WHAT THIS TASK INVOLVES → Copy out the data in full and exactly, passing over the pictures.

SUPPLIED DATA →
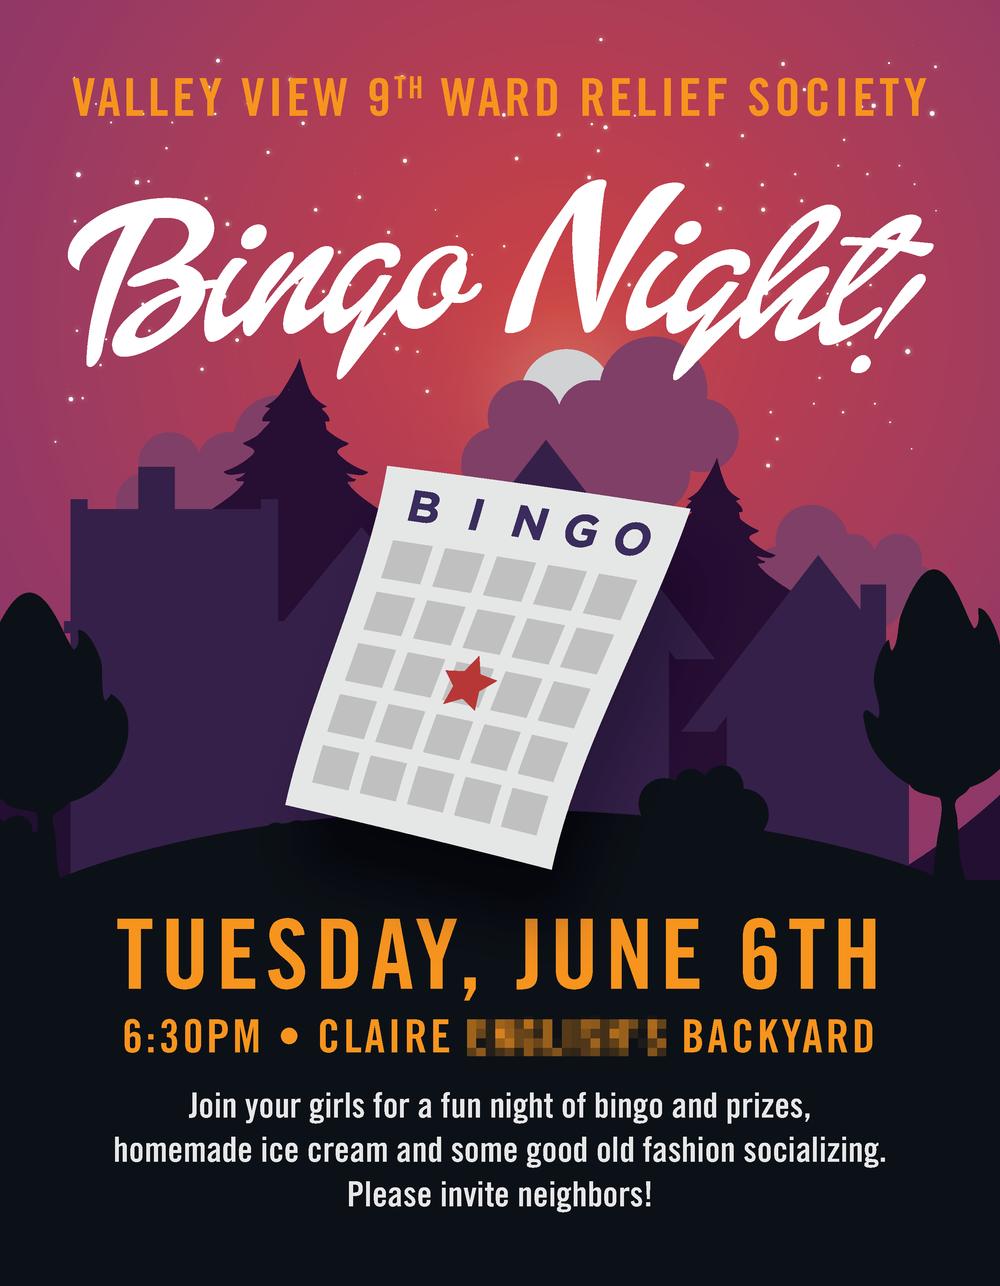 LisaStebbing_Bingo-Night_20170525_Page_1.png
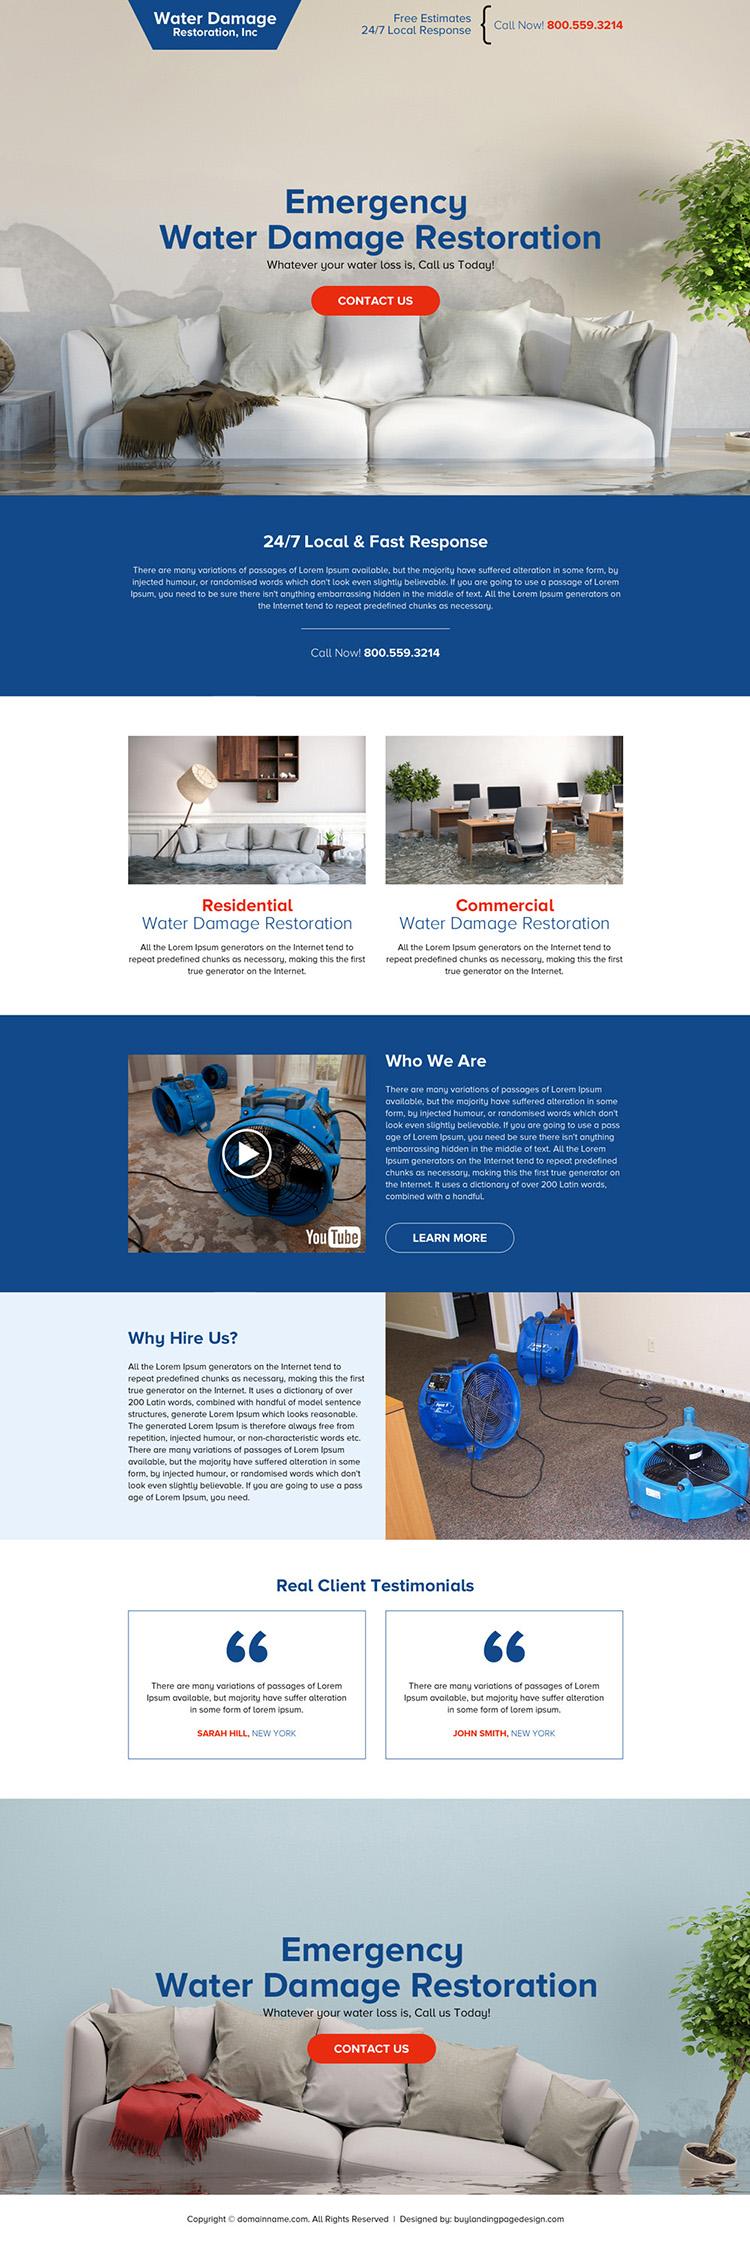 water damage restoration service responsive landing page
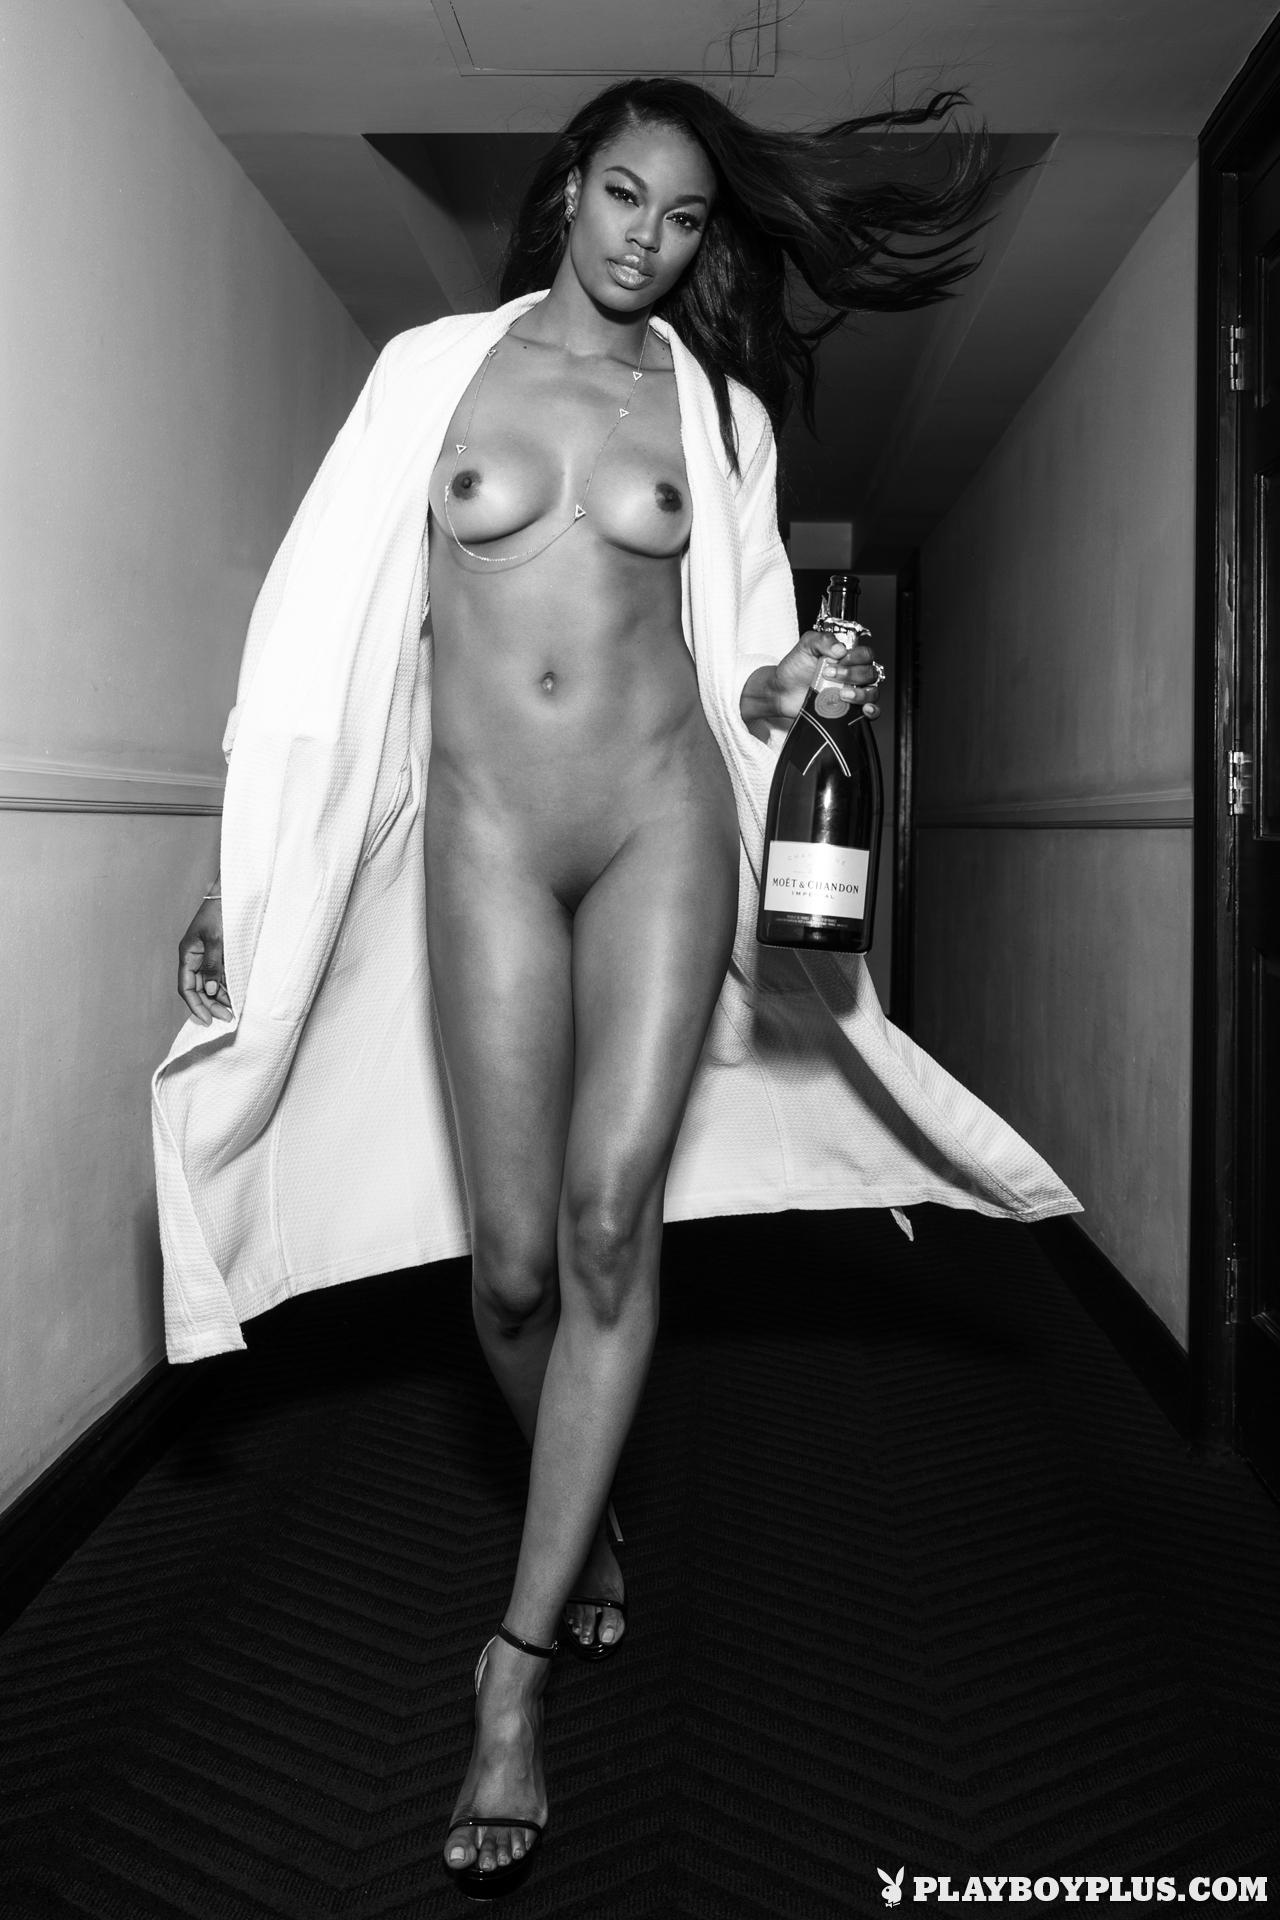 Eugena Washington In Low Key Playboy Plus Happy Birthday Eugena! (13)

RESPONSE BELOW →
 LisaStebbing_Bingo-Night_20170525_Page_1.png
 water damage restoration service responsive landing page
 Eugena Washington In Low Key Playboy Plus Happy Birthday Eugena! (13)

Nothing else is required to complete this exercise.